Dataset records below:
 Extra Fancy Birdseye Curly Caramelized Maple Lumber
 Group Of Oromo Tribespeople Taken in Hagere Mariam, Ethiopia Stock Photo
End of Dataset records.
Dataset records below:
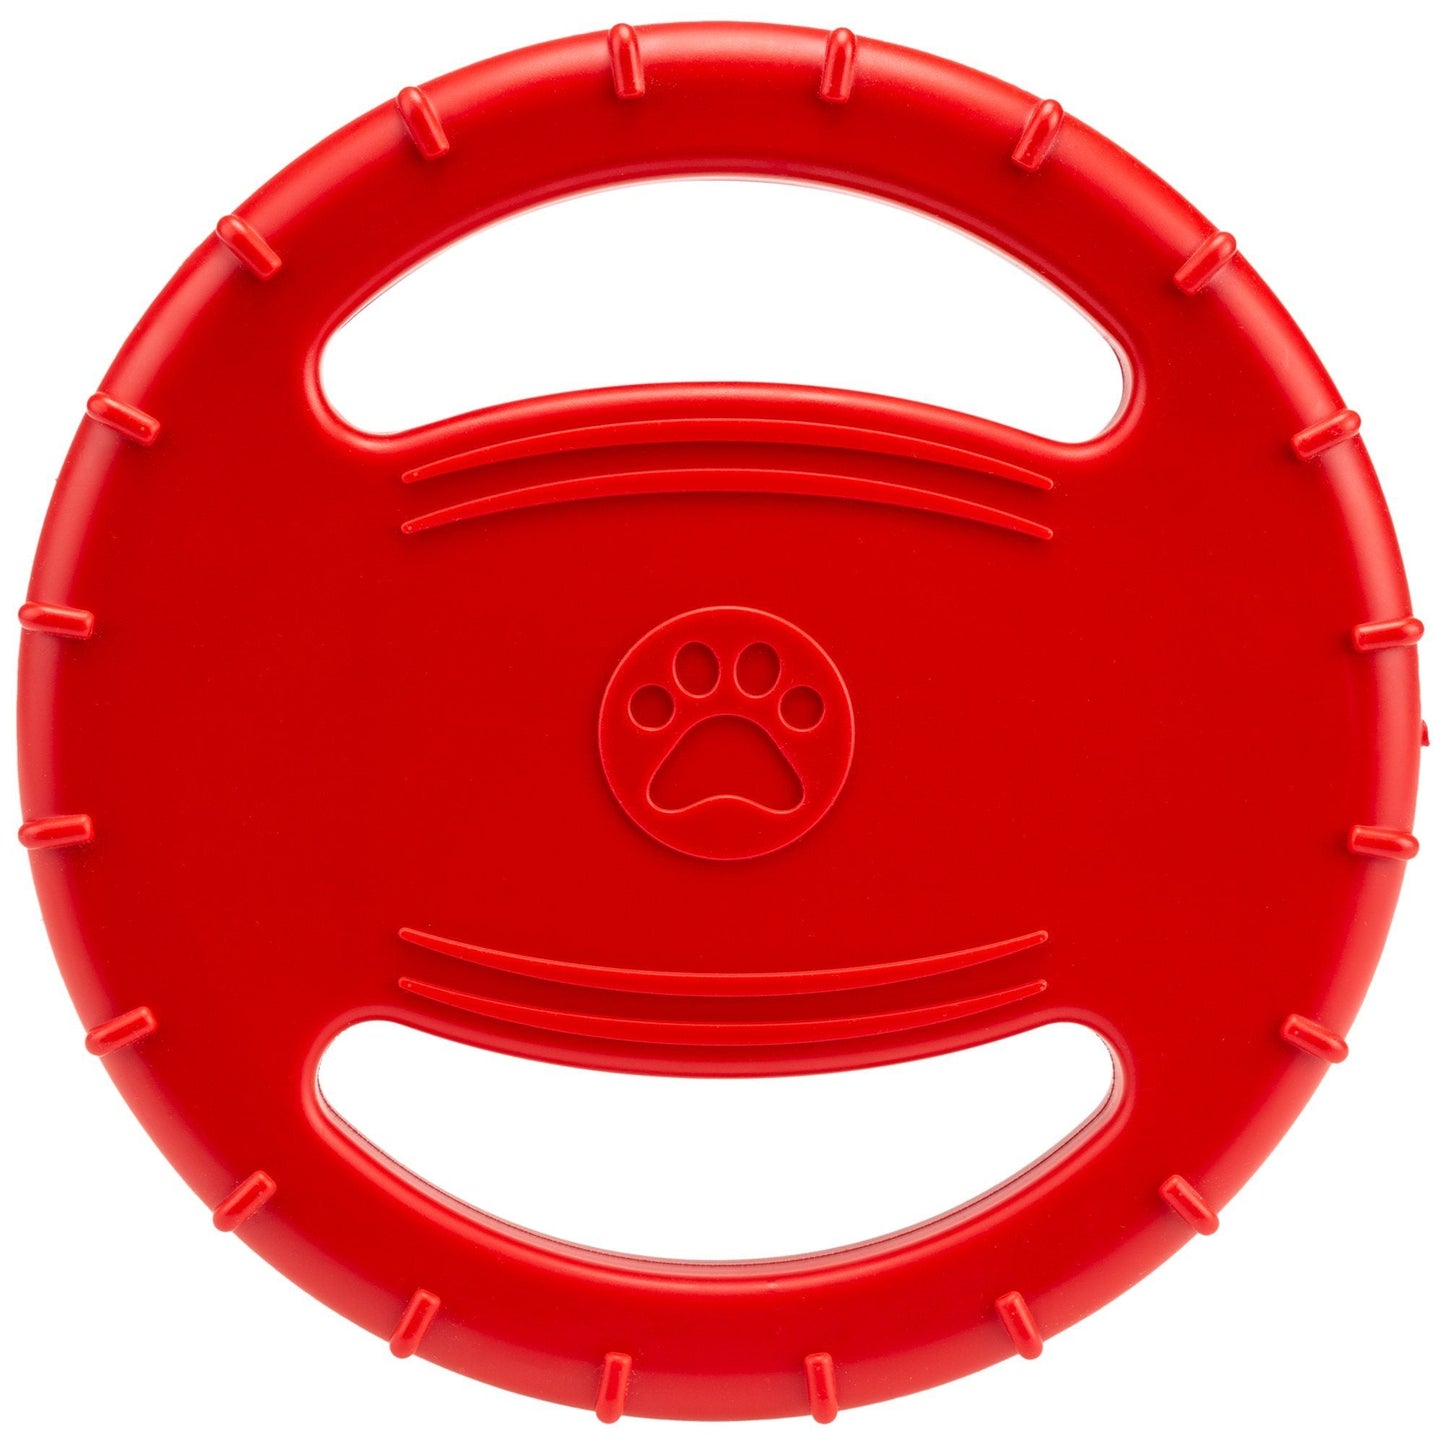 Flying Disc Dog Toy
End of Dataset records.
> [What you should do] Only the lines above starting at the line that holds "Extra Fancy Birdseye" and ending at the line that holds "Group Of Oromo" are to be repeated, exactly and in full.

> [Output]
 Extra Fancy Birdseye Curly Caramelized Maple Lumber
 Group Of Oromo Tribespeople Taken in Hagere Mariam, Ethiopia Stock Photo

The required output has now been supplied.